= 1512 in art =

Events from the year 1512 in art.

==Events==
- Michelangelo completes his nine Sistine Chapel ceiling paintings of the Creation.

==Works==

Leonardo da Vinci, Self-portrait in red chalk

- Hans Baldung – The Trinity and Mystic Pietà
- Fra Bartolomeo – Madonna in Glory with Saints (altarpiece, Besançon Cathedral, 1511–12)
- Albrecht Dürer – The Virgin Mary Appearing to St. John on Patmos (woodcut)
- Leonardo da Vinci – Self-portrait in red chalk (approximate date)
- Michelangelo – Sistine Chapel ceiling, including the Separation of Light from Darkness (completed)
- Raphael
  - The Expulsion of Heliodorus from the Temple (fresco in the Raphael Rooms of the Apostolic Palace in the Vatican)
  - The Triumph of Galatea (fresco in Villa Farnesina in Rome)
- Titian – approximate date
  - The Gypsy Madonna
  - La Schiavona
  - The Three Ages of Man
- Lucas van Leyden – The History of Joseph series of engravings, e.g.
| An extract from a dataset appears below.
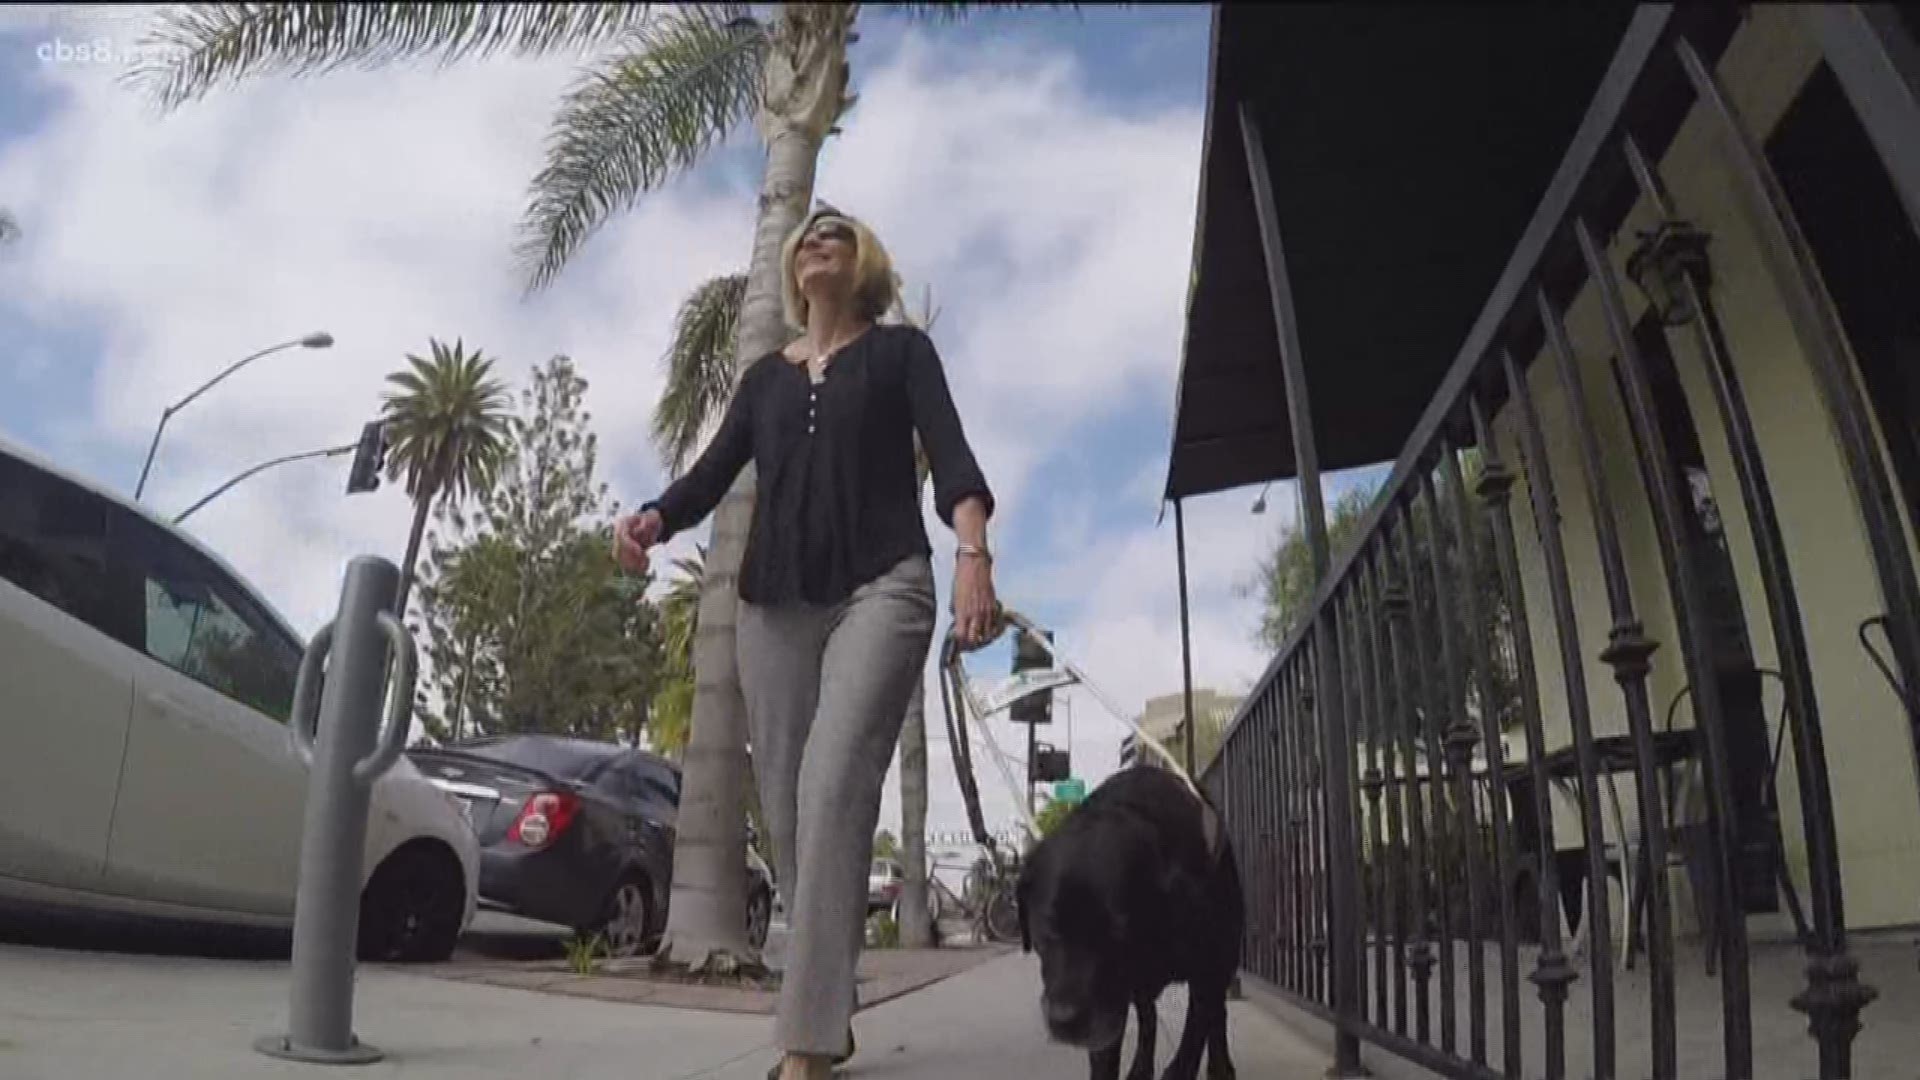 For Kelly Egan and her guide dog, Hope, a simple task like crossing the street can be very scary.

Joseph Explains Pharaoh's Dream
- Bernard van Orley – Triptych of the Carpenters and Masons Corporation of Brussels ("Apostle Altar")

==Births==
- date unknown
  - Lazzaro Calvi, Italian painter who frequently collaborated with his brother (died 1587)
  - Luis de Morales, Spanish painter known as "El Divino" (died 1586)
  - Battista del Moro, Italian painter of the Renaissance period active in his native Verona (died 1568)
  - Prospero Fontana, Italian painter of the late Renaissance, (died 1597)
- (born 1512/1520): Giorgio Ghisi, Italian coppersmith, painter, and engraver (died 1582)
- 1512/1515: Marcello Venusti, Italian Mannerist painter primarily in Rome (died 1579)

==Deaths==
- April 5 - Lazzaro Bastiani, Italian painter of the Renaissance, active mainly in Venice (born 1449)
- date unknown - Giovanni Cristoforo Romano, Italian sculptor and medallist (born 1456)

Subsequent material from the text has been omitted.